The unintended and ironic consequences of South Carolina’s new grandparent visitation statute

Posted Tuesday, December 7th, 2010 by Gregory Forman
Filed under Jurisprudence, Of Interest to Family Court Litigants, Of Interest to Family Law Attorneys, Of Interest to General Public, South Carolina Specific, Visitation

On June 9, 2014, this statute was changed, making it easier for grandparents to pursue court ordered visitation.

I was never a big proponent of the grandparent visitation statutes that proliferated throughout the United States in the 1980’s and 90’s.  Such statutes typically allowed family courts to award autonomous visitation to grandparents over the parents’ objection, based merely upon the court’s own view of “best interests of the child.”
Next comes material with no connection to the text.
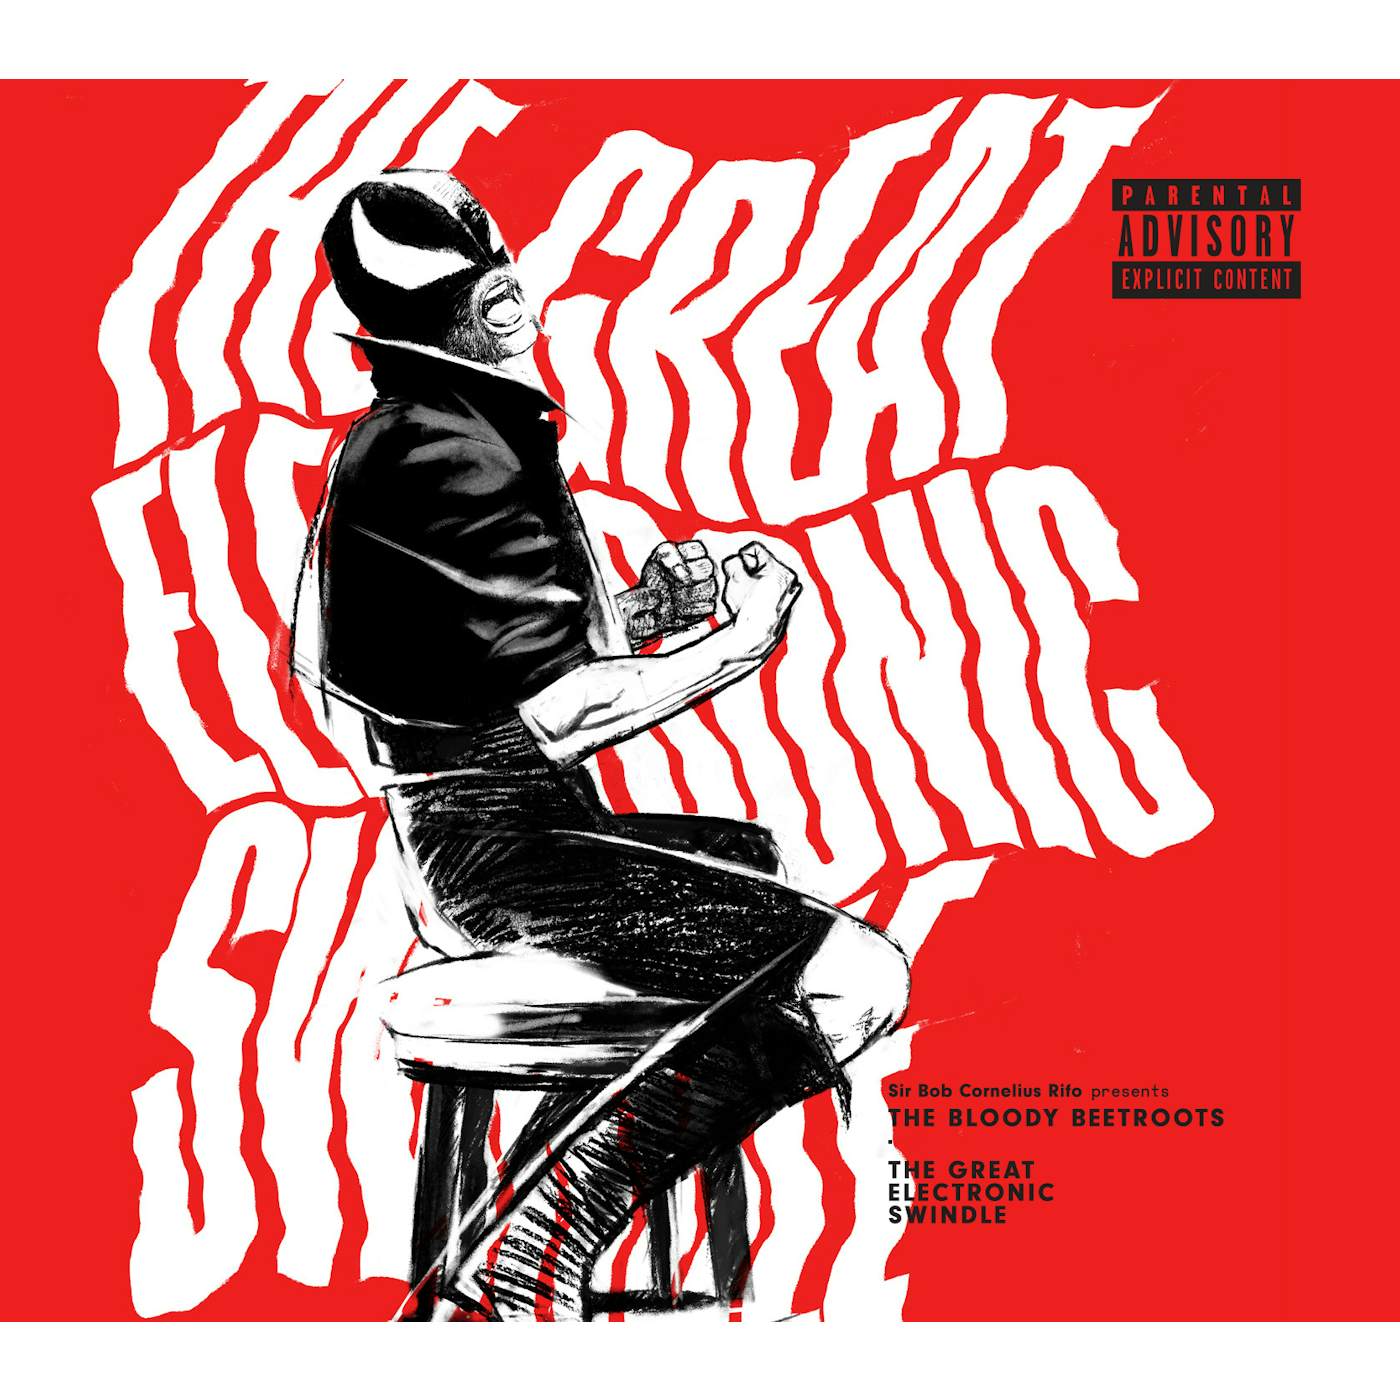 The Bloody Beetroots GREAT ELECTRONIC SWINDLE Vinyl Record

I had one case in which the family court awarded a grandmother supervised visitation over the father’s objection.  That grandparent’s behavior had been so egregious that the visitation needed to be supervised, but the family court still felt it was important that the child get to know her grandmother.  Basically, these early grandparent visitation statutes were a massive intrusion on the “liberty” protected by the United States Constitution’s Due Process Clause, which includes the right of parents to “establish a home and bring up children” and “to control the education of their own.” See e.g., Myers v. Nebraska, 262 U. S. 390, 399, 401 (1923).  My first lecture before the family court bench was on this issue, Constitutional Limitations On Family Court Authority To Override Parental Decision Making.  Subsequent to that December 1999 lecture, the United States and South Carolina Supreme Courts placed limitations on these grandparent visitation statutes. Troxel v. Granville, 530 U.S. 57, 65-66 (2000); Camburn v. Smith, 355 S.C. 574, 586 S.E.2d 565 (2003).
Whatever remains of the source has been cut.